In December 2019, the JGSDF ordered prototypes of three new variants of the MAV under the CTWV program: the Type 24 AWCV (Armored Wheeled Combat Vehicle), the Type 24 MM (Mobile 120 mm Mortar), and the Type 25 RCV (Reconnaissance Combat Vehicle). The vehicle family is intended to be deployed alongside the Type 16 MCV, providing fire support and intelligence gathering capabilities.
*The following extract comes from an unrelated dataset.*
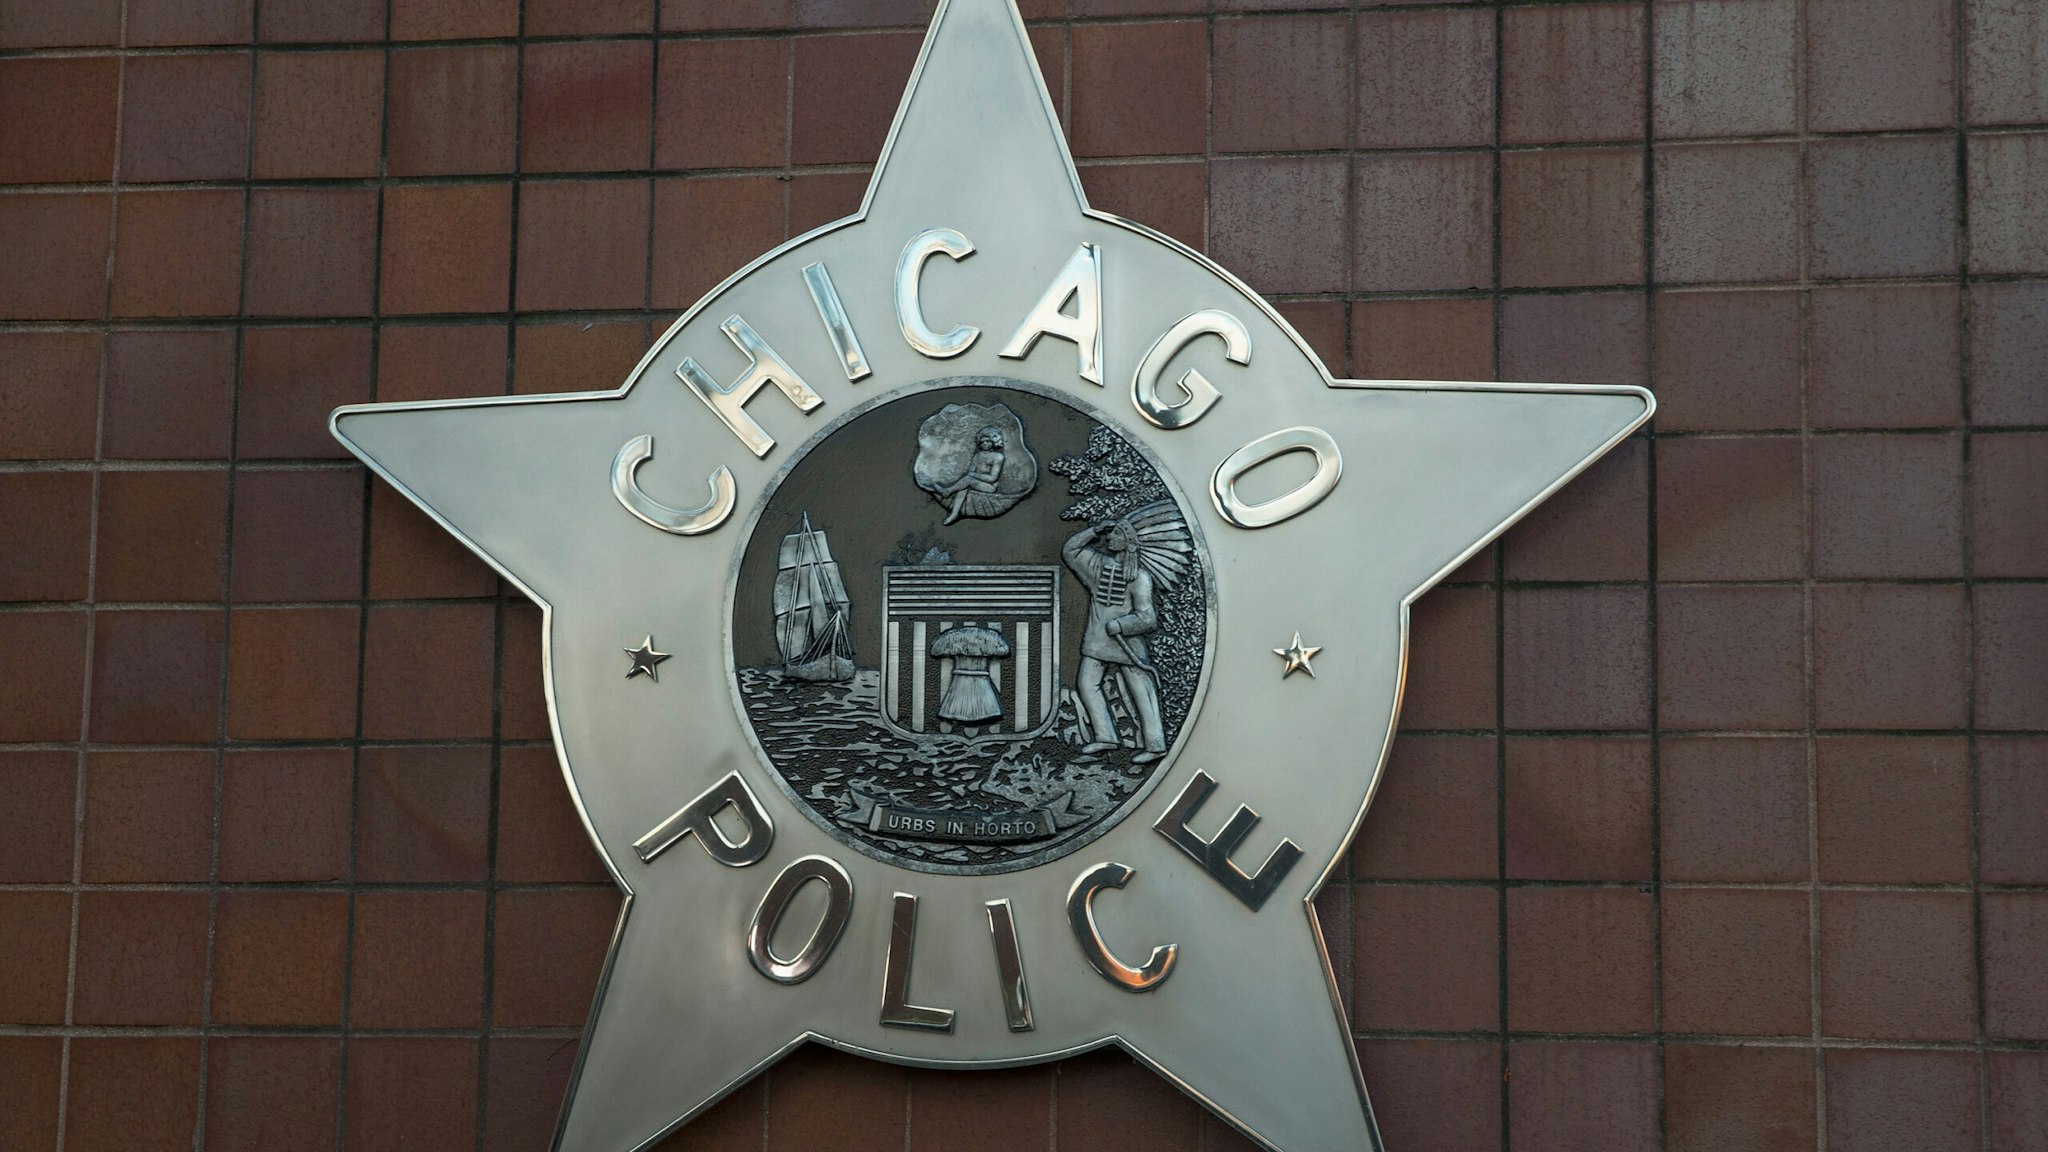 CHICAGO, IL - DECEMBER 01: A Chicago police badge hangs in front of the City of Chicago Public Safety Headquarters on December 1, 2015 in Chicago, Illinois. Following public outcry over the way police handled the shooting death of Laquan McDonald by Chicago police officer Jason Van Dyke, Mayor Rahm Emanuel today announced he had fired Chicago Police Superintendant Garry McCarthy. McCarthy, Emanuel and Cook County States Attorney Anita Alvarez have been accused of trying to cover up the shooting. (Photo by Scott Olson/Getty Images)

This family of vehicles has been ordered to equip the Rapid Deployment Regiment of the Japan Ground Self-Defense Force, able to quickly be deployed in case of an urgent need. A total of 370 armored fighting vehicles of this family are expected to be ordered.

== Variants ==

=== Type 24 AWCV (Armored Wheeled Combat Vehicle) ===
This variant is a wheeled highly mobile infantry fighting vehicle for the JGSDF.

=== Type 24 MM (Mobile 120 mm Mortar) ===
This variant will be replacement of the 120 mm mortar RT (license-built version of the MO-120 RT). The vehicle has a roof opening system for a Thales 2R2M mortar platform capable of firing in 360°. On the sides, there are storage spaces for the shells and propellant.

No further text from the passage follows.